- [Problem to work on] In the listing below, the lines starting at the line with "Ness of Burgi" and ending at the line with "Hiina politseinik. Foto on illustreeriv." are to be output verbatim. Images stay out of the copy.

- [Material supplied]

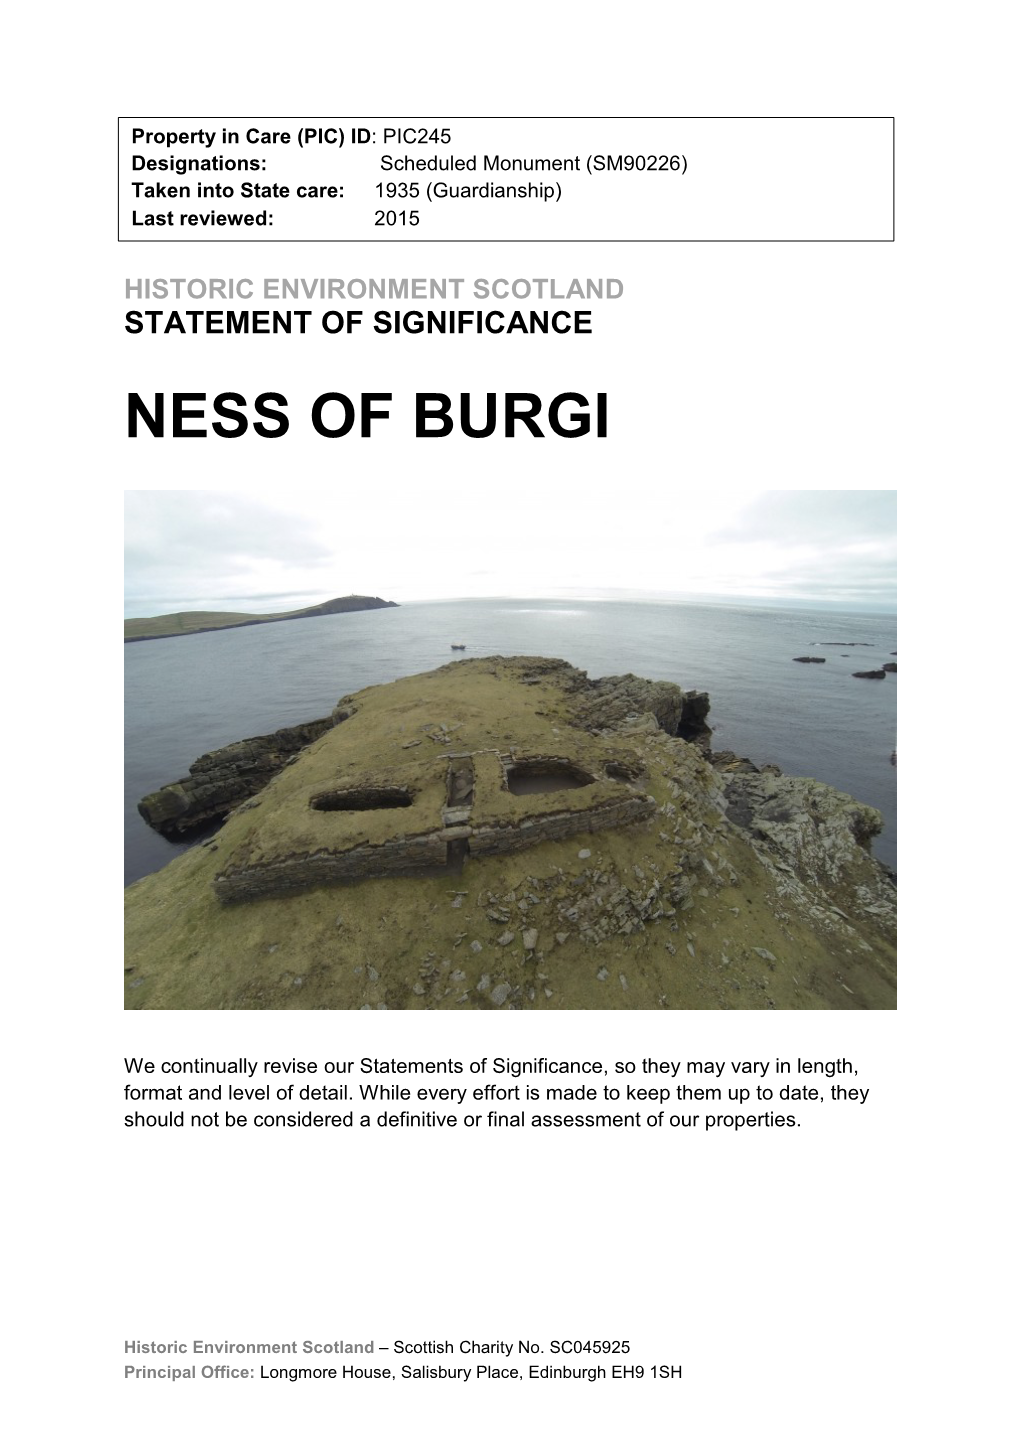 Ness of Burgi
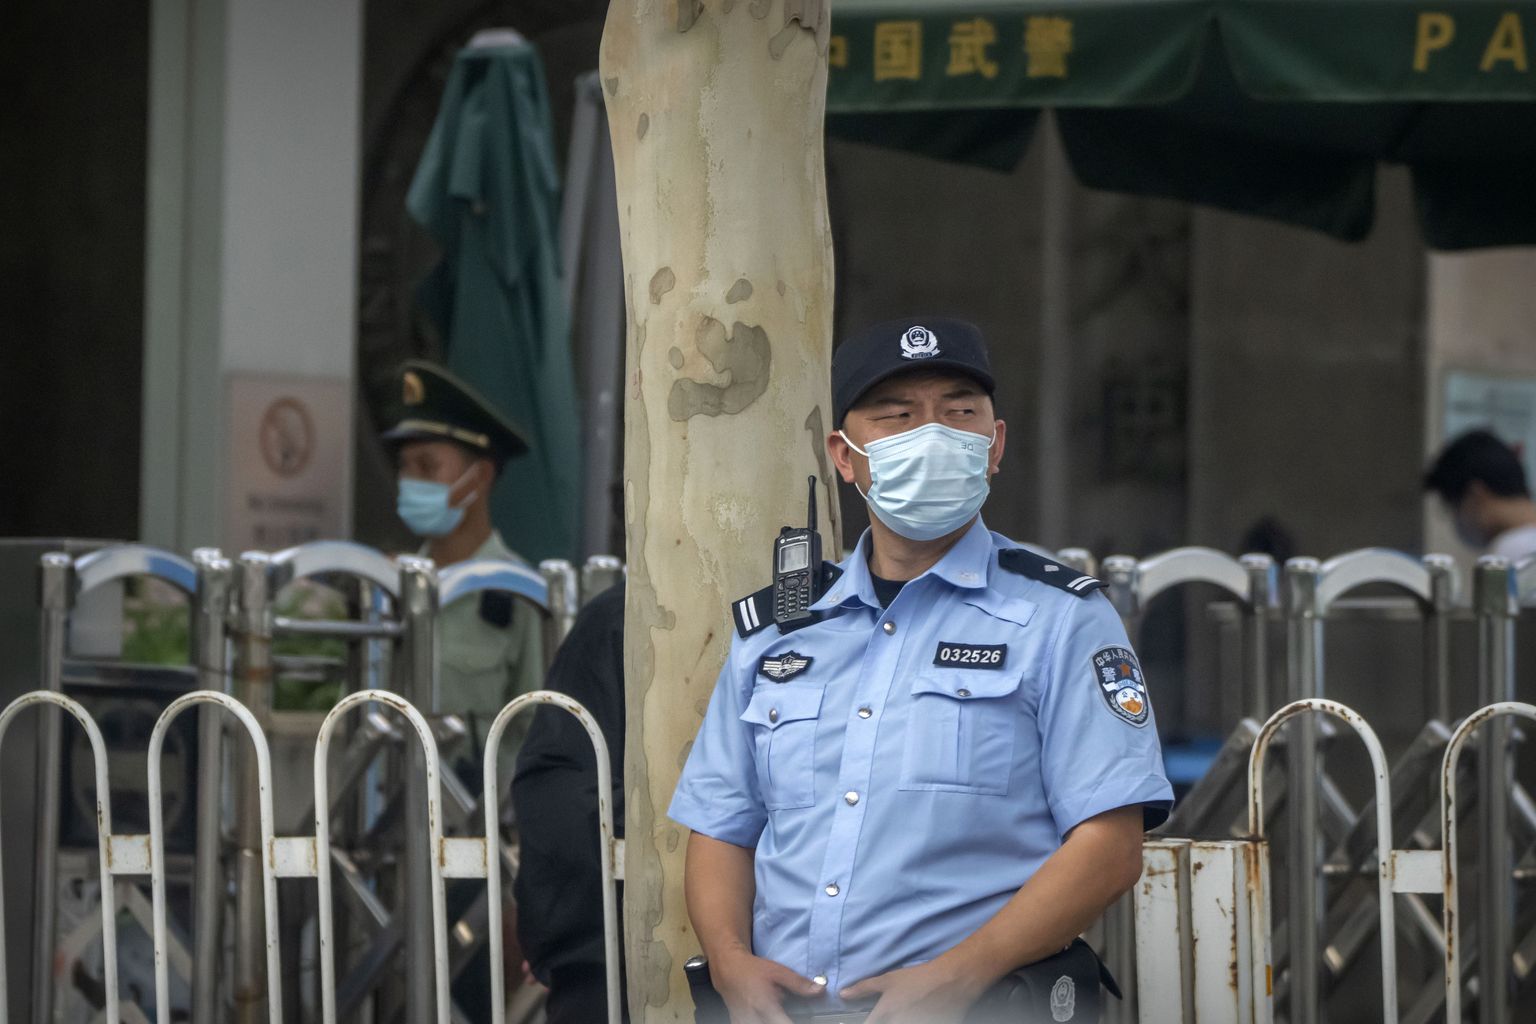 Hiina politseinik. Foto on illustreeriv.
...
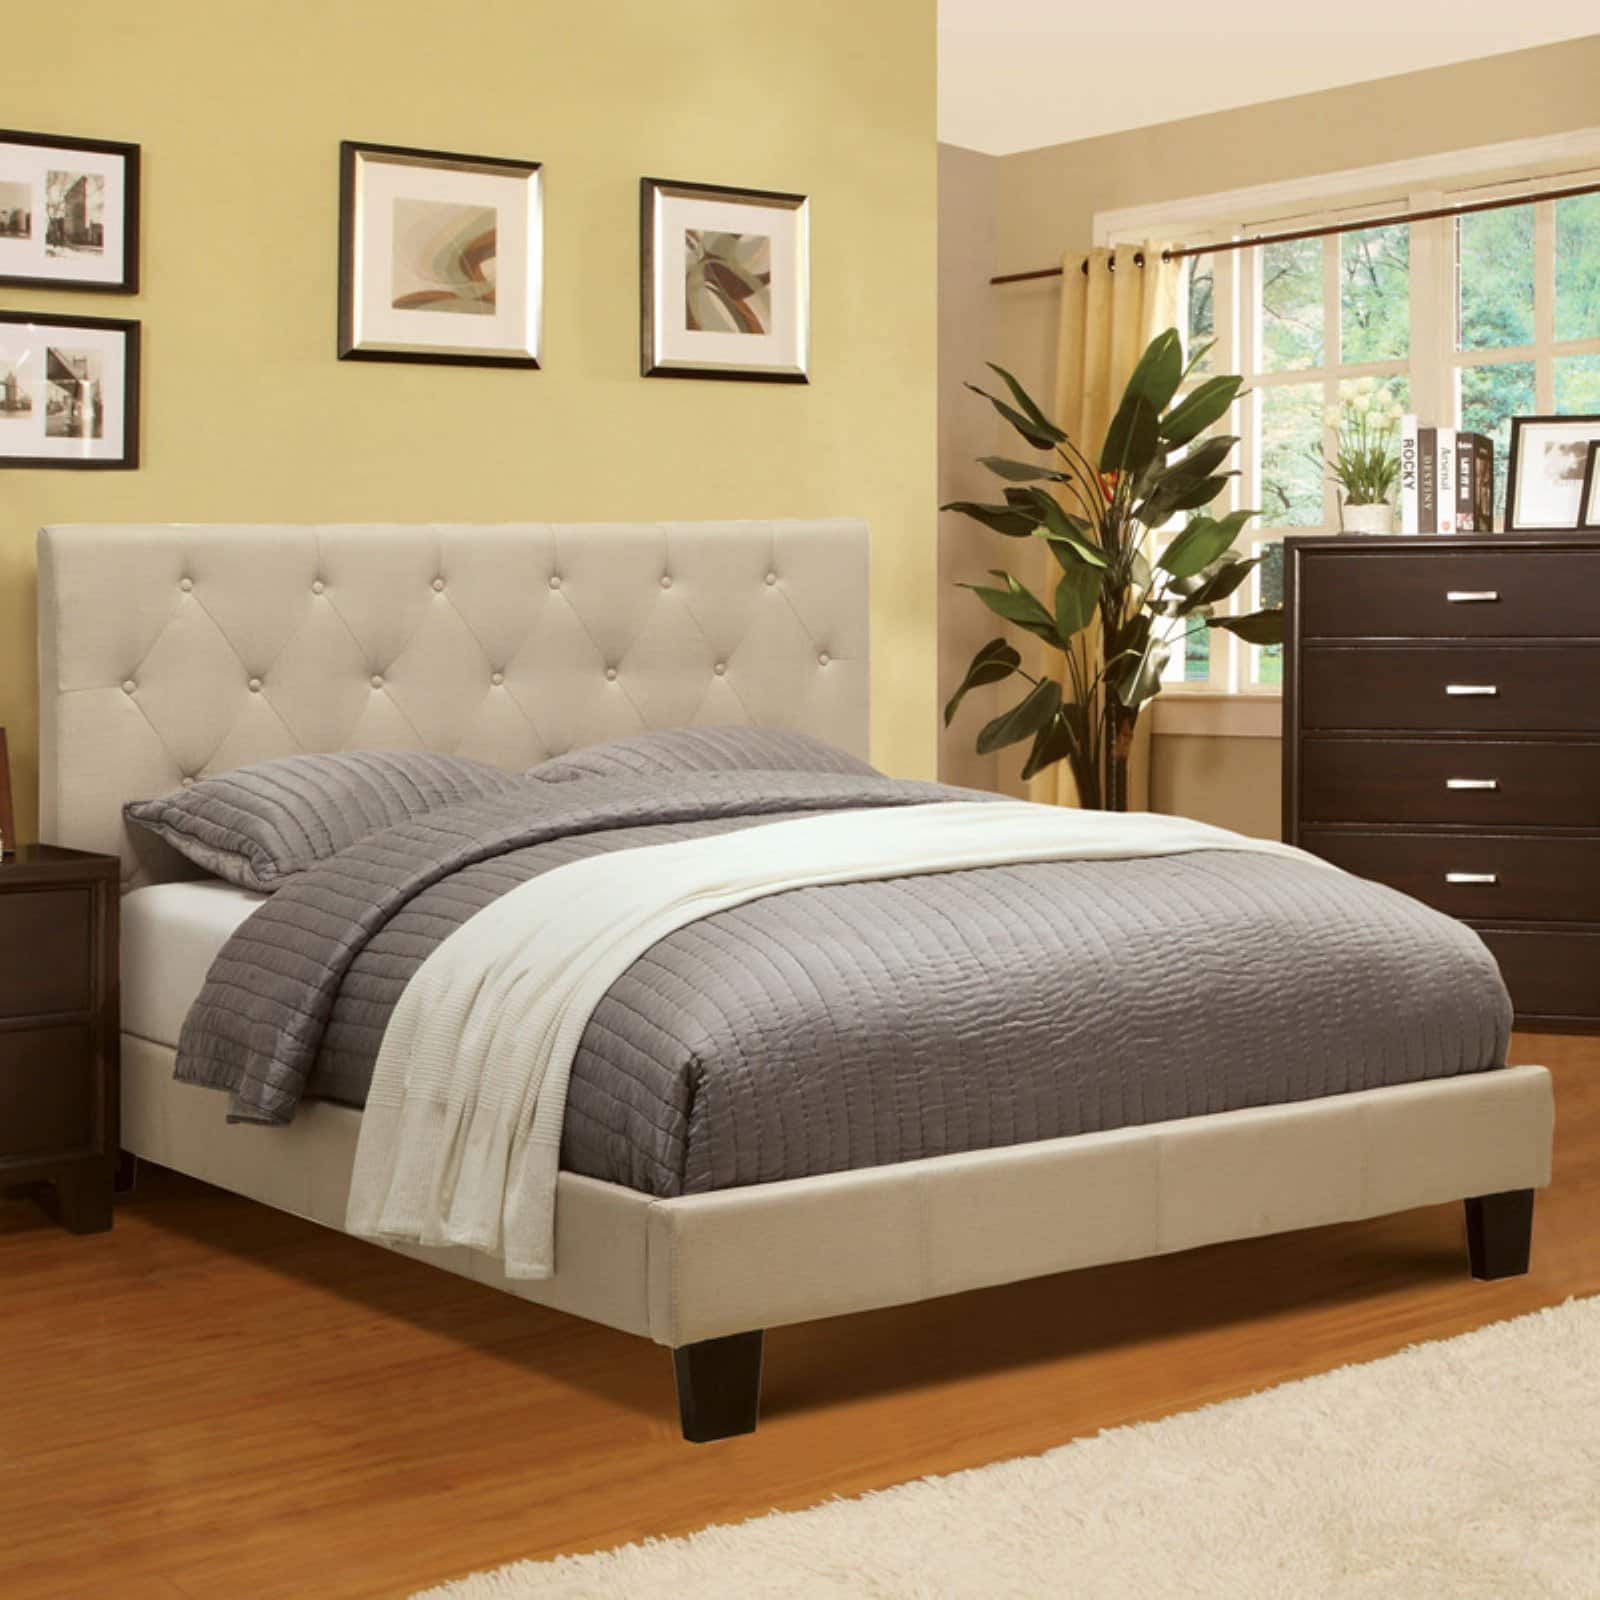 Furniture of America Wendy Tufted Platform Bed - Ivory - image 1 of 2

- [Problem solution]
 Ness of Burgi
 Hiina politseinik. Foto on illustreeriv.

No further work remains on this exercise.